Her father pulls her tighter to him as though to protect her from the words. Her mother breaths a sigh of relief like the weight of the world has been taken off her shoulders. Aversa has shown up at their sides with their cloaks draped over her arm.

“Yes, yes, I can feel his will. This child, he believes she has a gift for dark magic. He felt it, yes, that’s why he has spared her- She will be powerful, she will destroy the children of Naga. Curse flows in her veins.”

Tharja’s mother puffs out her chest. “Well, the child did come from me.”

Nothing is making sense, the world is still spinning, and there is more vomit that is struggling its way up Tharja’s throat. Ashes, Grima, Naga, curses, the words all sound like blabber in her mother’s foreign language that inch into her mind at the pace of molasses. Had there been others before her, others who had to face that pain? Had they really been reduced to cinders, or was this vulture exaggerating?

Tharja didn’t know. She just wanted to go back home and go to sleep and pretend like she hadn’t just stared into the ruby-colored eyes of Hell, though she has an inkling that she will never be able to forget the face of Grima again.

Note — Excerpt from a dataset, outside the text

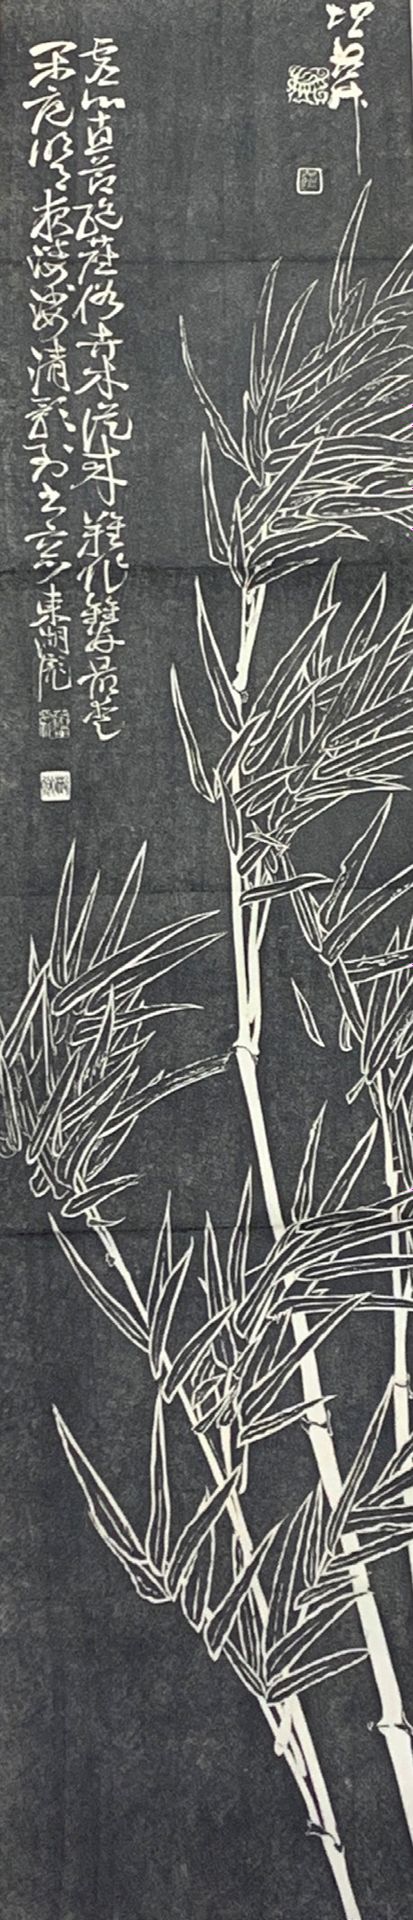 JAPON Kakemono-Druck.
Schwarzer Druck auf Papier, der drei Bambusbäume mit Insch&hellip;

“Begin training her in curses and dark magic as soon as possible.” He sounds as though he is the pharmacist who sometimes visits their house when Tharja is sick to prescribe treatments. “She will join the royal army when is older, along with Aversa. That must be why Master Grima spared her. She has use.”

Her mother bows takes her cloak from Aversa and sweeps it over her shoulders before giving a low bow. “Yes. She will start tomorrow.” The woman eyes her daughter with something akin to disgust. “I won’t be going easy on this thing anymore.”

 


End file.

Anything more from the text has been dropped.